Em 2007, quando foi estreado, o Qashqai deparou-se-nos como o automóvel que poderia mudar a perspectiva desta indústria e as preferências do público em segmento maioritariamente marcado por berlinas de 5 portas e carrinhas. Expectativa que não só cumpriu, como excedeu largamente, quase sempre com lista de espera nas encomendas, quase sempre tido como a opção distinta, quase sempre a proposta que representava a possibilidade de se ter um SUV (que estava e ainda está na moda) a preços bem mais moderados aos modelos que na altura existiam – apenas de segmentos mais altos e dispendiosos.

Dez anos volvidos, a Nissan atualiza a segunda geração do Qashqai (no mercado desde 2014), focando-se em pontos-chave, a maioria apontados como os  menos apreciados pelos clientes (sim, a marca teve a coragem de trabalhar diretamente com quem lhes compra os automóveis), como que refinando uma receita já de si bastante saborosa para os números internos, expressa em mais de 2,3 milhões de unidades comercializadas desde 2007.

Novo 'design'

Não se poderá chamar-lhe de novo Nissan Qashqai, mas sim o MY 18 (Model Year 2018), marcado por vistosa alteração estética na dianteira, com nítidas inspirações nas linhas vincadas e joviais que estão, também, a colher sucesso no mais pequeno Micra.

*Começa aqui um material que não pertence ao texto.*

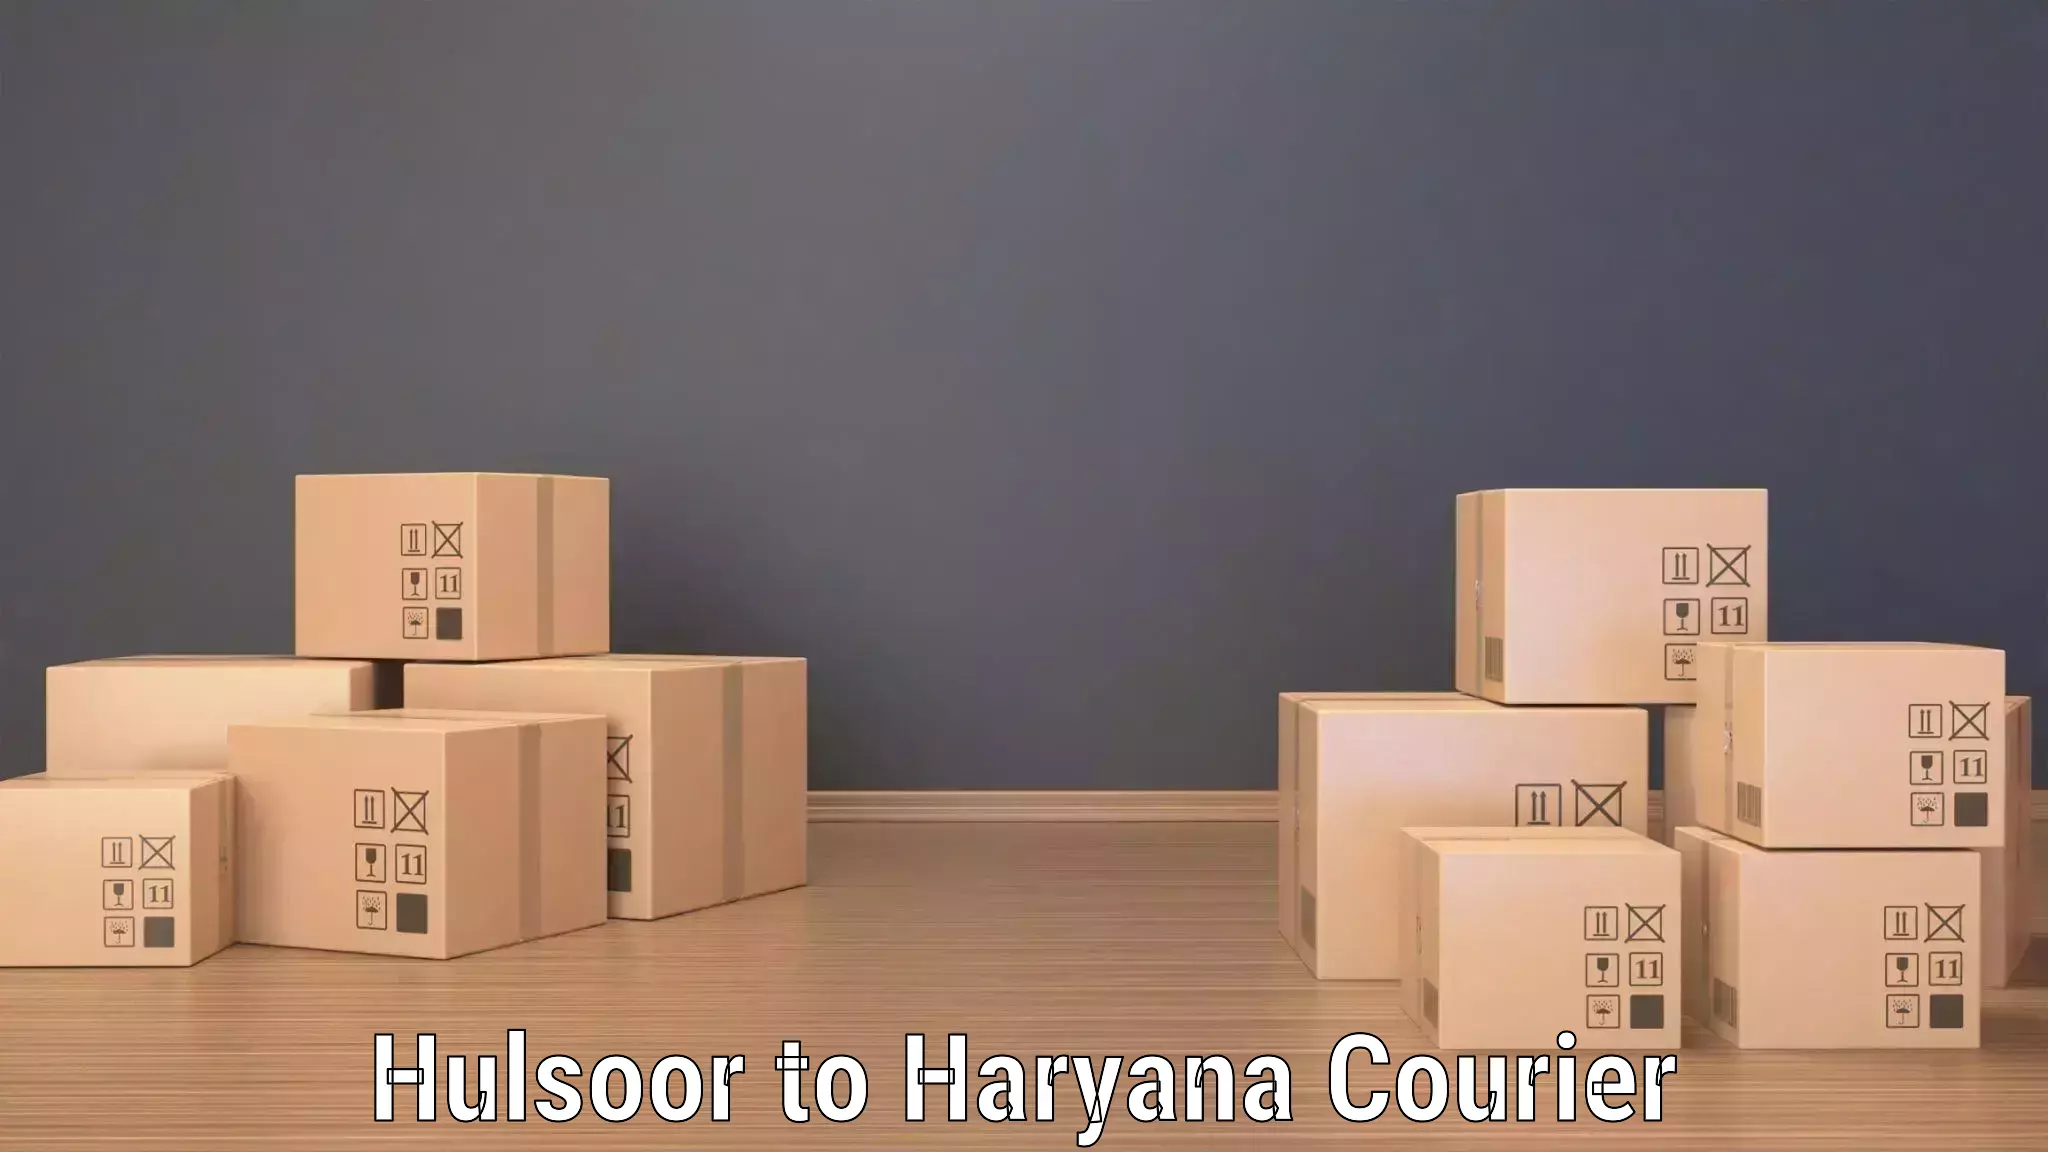 Custom courier strategies in Hulsoor to NCR Haryana
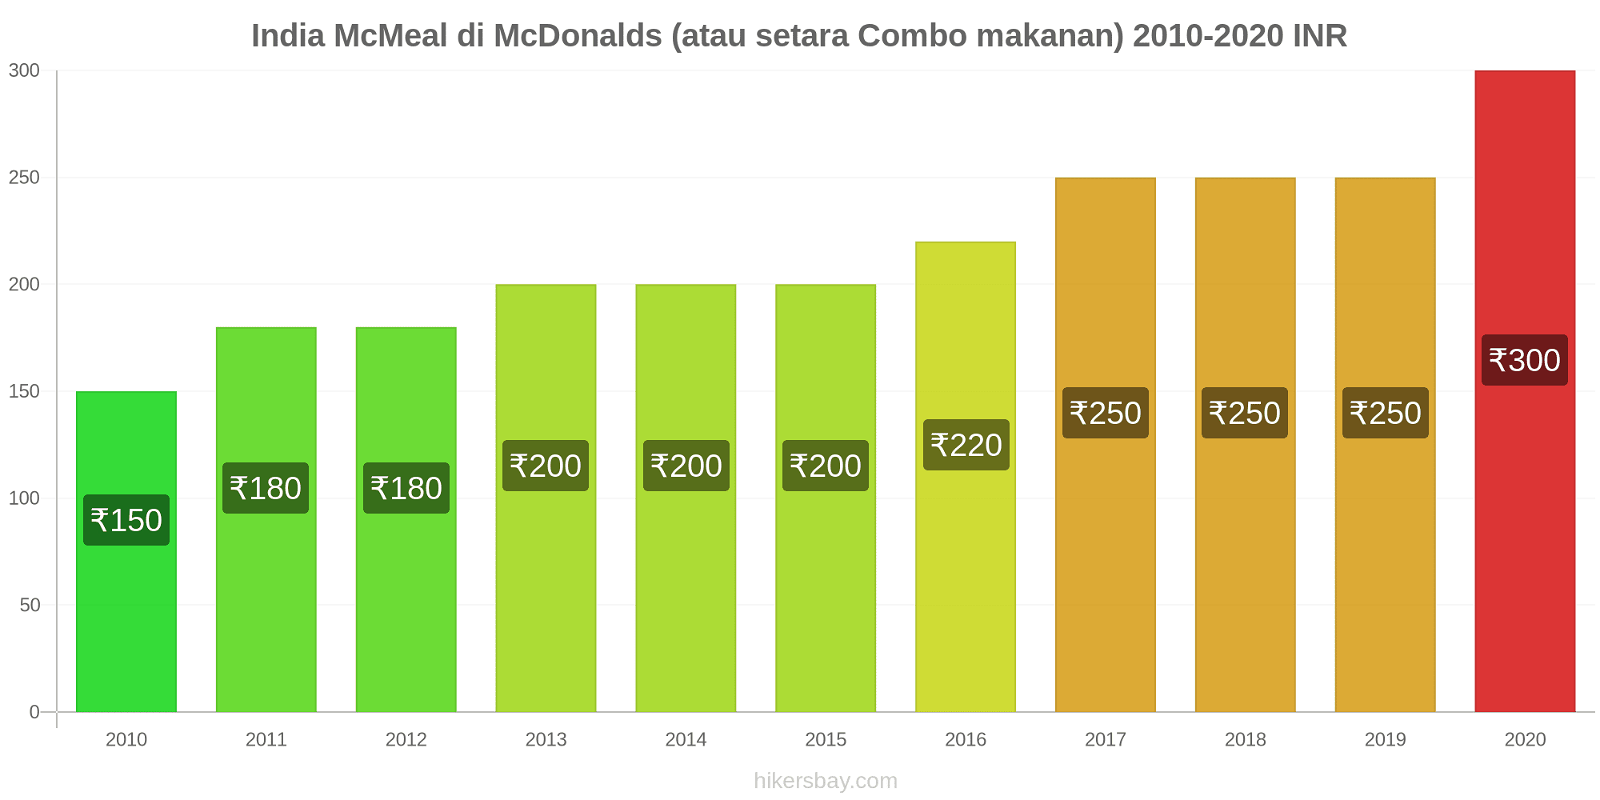 India perubahan harga McMeal di McDonalds (atau setara Combo makanan) hikersbay.com

Toda a zona frontal é 100% nova, passando pela inclusão de distinta assinatura visual definida pelo filamento LED, cuja zona superior ganha cor laranja quando acionado o pisca. Ainda nas óticas, e focando já atenções na unidade testada, com o nível de equipamento Teckna, iluminação totalmente a cargo de tecnologia LED, com o Qashqai agora a estrear sistema de luzes direcionais (e comutação automática de máximos), ambos muito úteis em viagens durante a noite.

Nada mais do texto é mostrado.